4. Intermittent endocrine therapy (IHT)
In 1992, Beginning of the clinical trial of intermittent anti-androgen therapy, androgen combination blockade was applied at the beginning of treatment, and after the serum PSA dropped to 4ng/ml, the treatment was stopped for clinical observation, and anti-androgen therapy was applied again when the PSA rebounded to more than 10ng/ml, which had no significant adverse effects on the survival rate and tumor tension, but significantly prolonged the time of tumor dependence on androgens. The treatment has no significant adverse effects on the survival rate and tumor tension, but significantly prolonged the time of tumor dependence on androgens. The domestic recommended discontinuation criteria are after PSA≤0,2ng/ml for 3-6 months, and after PSA rises to 4ng/ml, a new round of treatment is started. Treatment modality: MAB approach is mostly used, but pharmacological depot (LHRH-a) or steroidal cyproterone acetate (CPA) is also available. Studies suggest that intermittent endocrine therapy may maintain the hormone dependence of prostate cancer cells and delay the progression of prostate cancer cells to non-hormone dependence, thus possibly prolonging patient survival. There is also a risk of accelerating the progression from androgen-dependent to non-hormone-dependent.

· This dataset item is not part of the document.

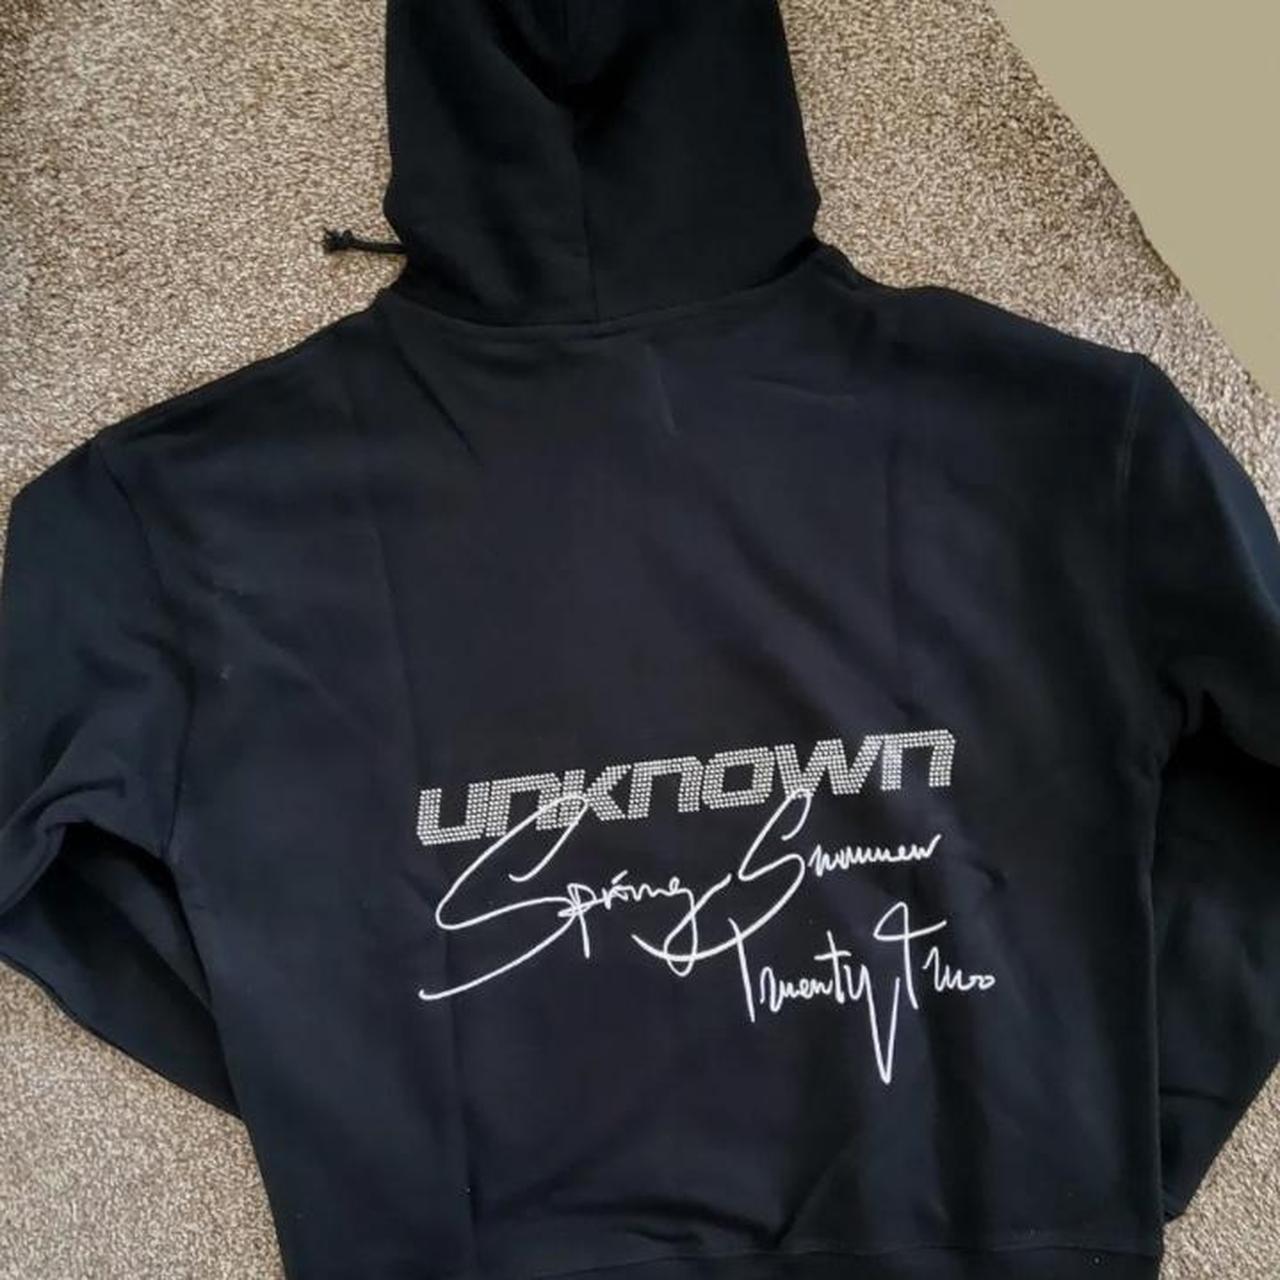 Unknown London. Spring Summer 22 hoodie. RRP £115. - Depop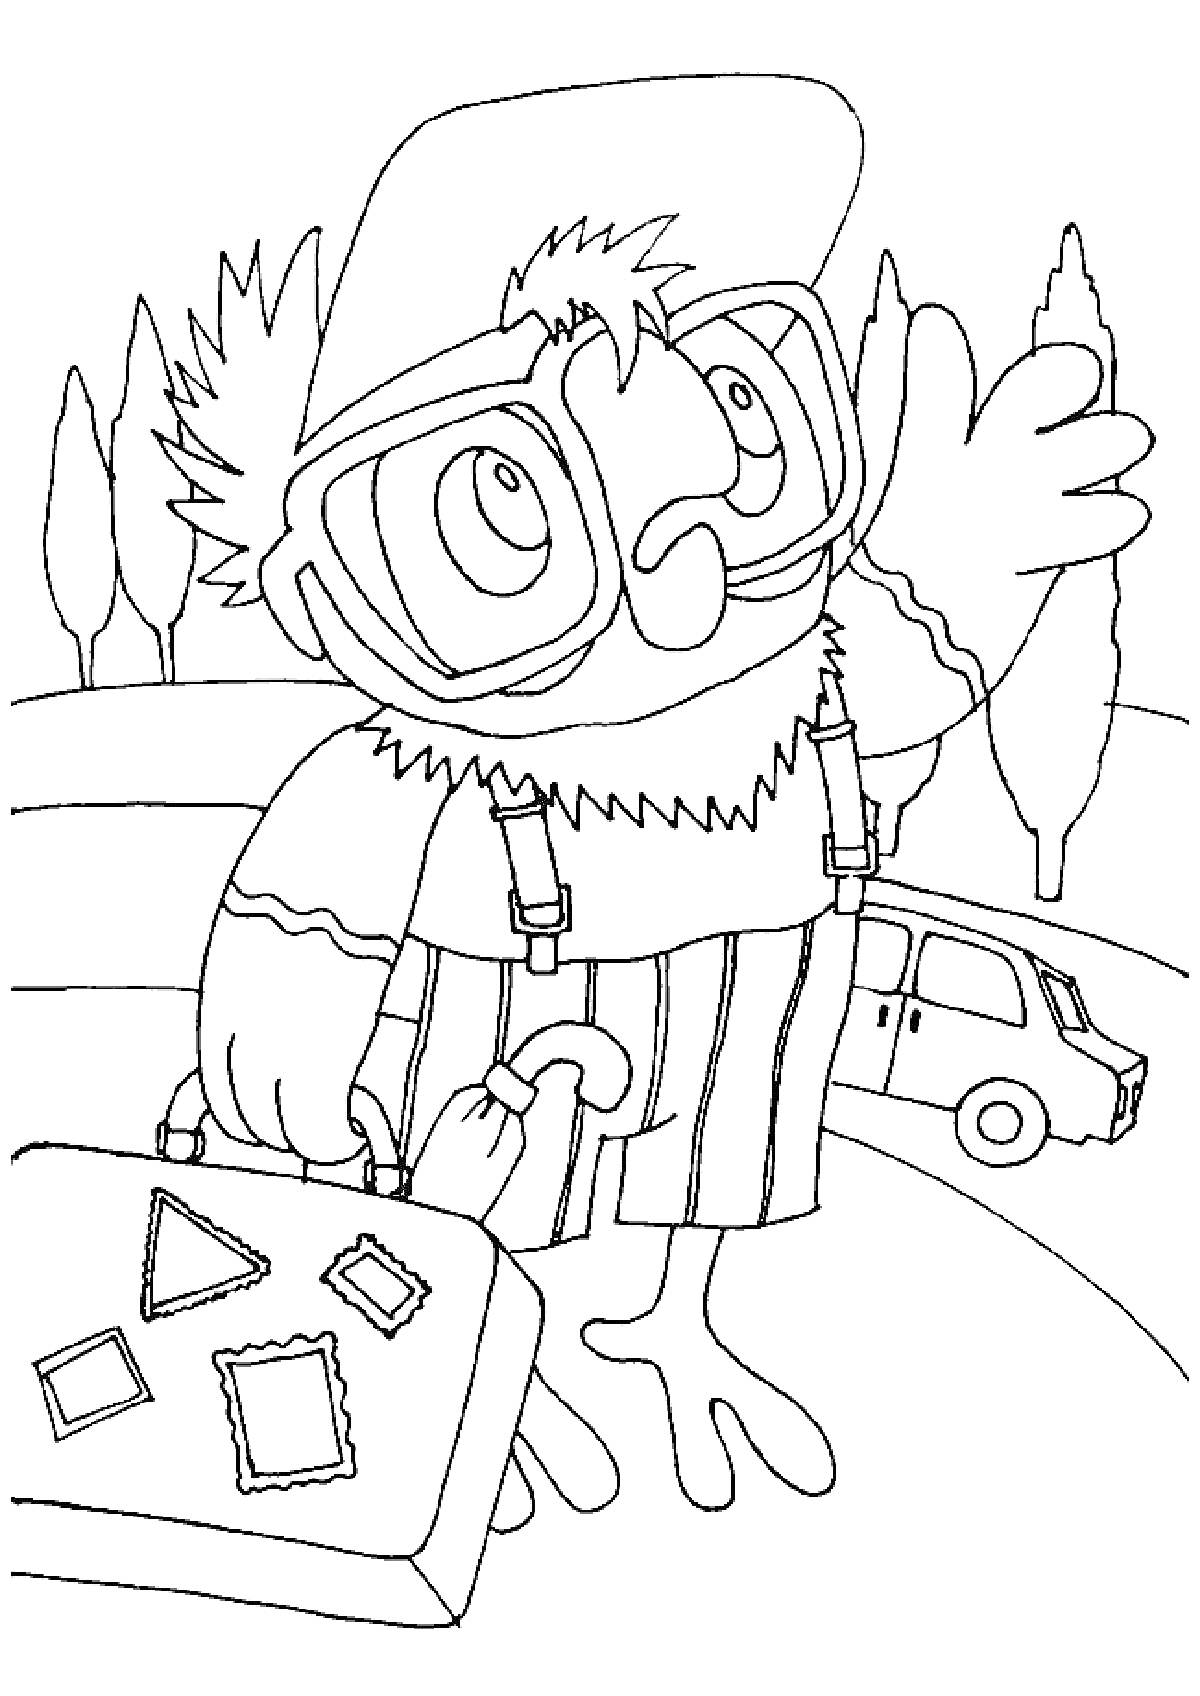 Раскраска Попугай Кеша с чемоданом на улице рядом с деревьями и машиной

5. Adjuvant endocrine therapy (AHT)
Adjuvant endocrine therapy targets undetected cancer cells in the pelvic lymph nodes, as well as underlying lesions outside the original treatment area, with the aim of improving overall patient survival and tumor-free survival. Most of the literature reports that AHT treatment can delay the time of disease progression, but there is no consistent conclusion whether it can improve the survival rate of patients. The choice of treatment timing and time limit should take into account the patient’s pathological stage, treatment side effects and cost, etc., which are still inconclusive. Most advocate starting immediately after surgery or radiotherapy. Adjuvant therapy is indicated for the following grades of tumors.
(1) Positive postoperative pathological margins.
(2) Positive postoperative pathological lymph nodes (pN+).
(3) postoperative pathologically confirmed T3 stage (pT3).
(4) ≤T2 with high-risk factors.
Treatment modalities may be MAB, pharmacological depot (LHRH-a) or anti-androgens.